Gnosticism, Archons/Greys, The Controller Agenda. The Jinn.

Ascending Starseed | July 20 2012

They sought to overpower humanity in its psychological and perceptual functions… although they saw that human thinking was superior to theirs… For indeed their delight is bitter and their beauty is depraved. And their triumph is in deception (apaton), leading astray, for their own structure is without divinity.”

Breathtaking, but what is that? Who said that? Of whom does it speak? Is it ancient? Is it contemporary? Is it correct? Is it relevant? What is it doing here in the pages of Open SETI?

Let’s begin with the last part of the question.

Open SETI is in some ways the opposite of SETI. SETI is an extraordinarily “narrow-band” search arising from a most denatured strain of modern-day scientific/intellectual thought. Open SETI begins with being… open. And what does one see, when open?

Would you agree that one sees a magnificent planet inhabited by a humanity that is becoming demented, even by its own definition?

This humanity is fragmenting, at war with itself, and each faction looking desperately for salvation from its particular idea of deity.

No small number of humans hope for help from another quarter: contact with extraterrestrial beings. Surely the SETI community derives at least some of its support from this dream.68 It manifests strongly among many “UFO believers” as well.

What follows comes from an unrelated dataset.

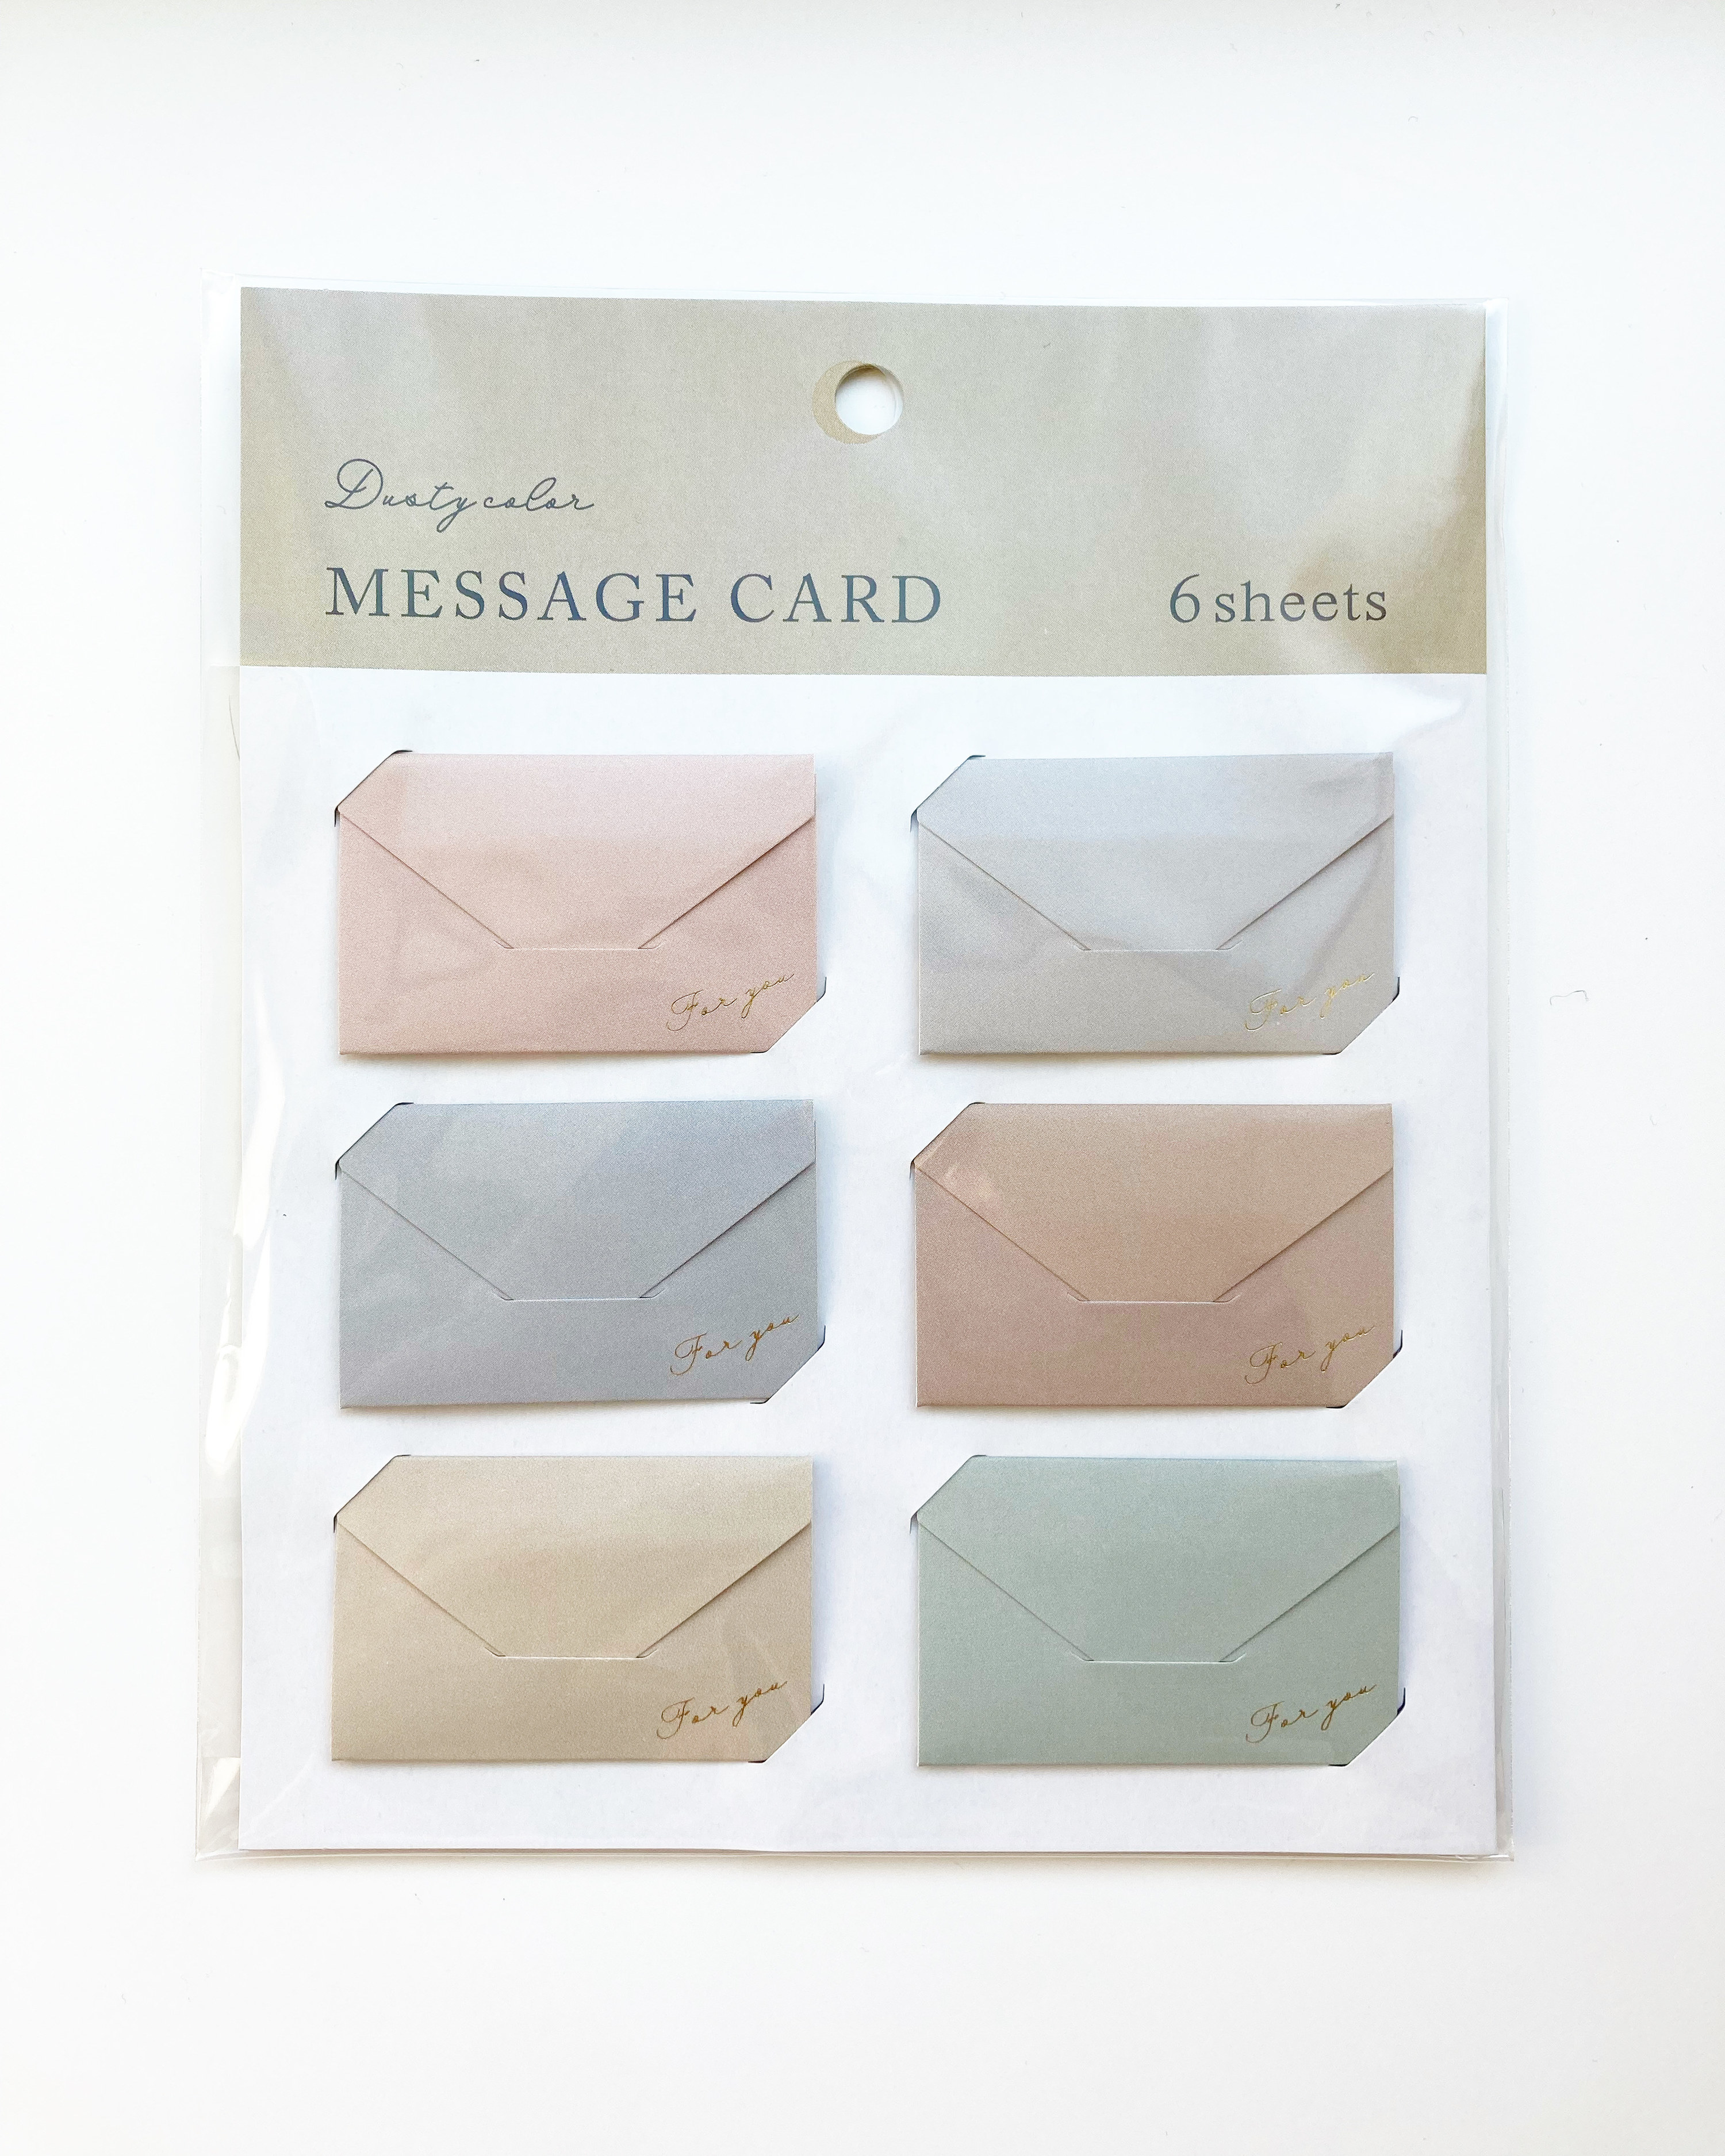 CanDo（キャンドゥ）のおすすめカード「封筒型メッセージカードダスティカラー」

It will turn out that this dream of salvation has everything to do with our opening passage.

The passage is tight with ideas:

  • Some group attempted to overpower humanity.
  • The field of attack was psychological and perceptual.
  • Human thinking was superior to theirs.
  • Something about their pleasure and beauty is off.
  • They succeed, but only through deception because…
  • …There is such a thing as “divinity.”
  • …It is implied that we have it.
  • …They lack it.

These ideas form at least part of the “paradigm” for this page… which, as usual for this website, has little to do with that of conventional SETI with its focus on detection, astrobiology, habitable planets, etc.

Our opening quote is from The Apocryphon of John II, a Nag Hammadi text extensively discussed by author John Lash.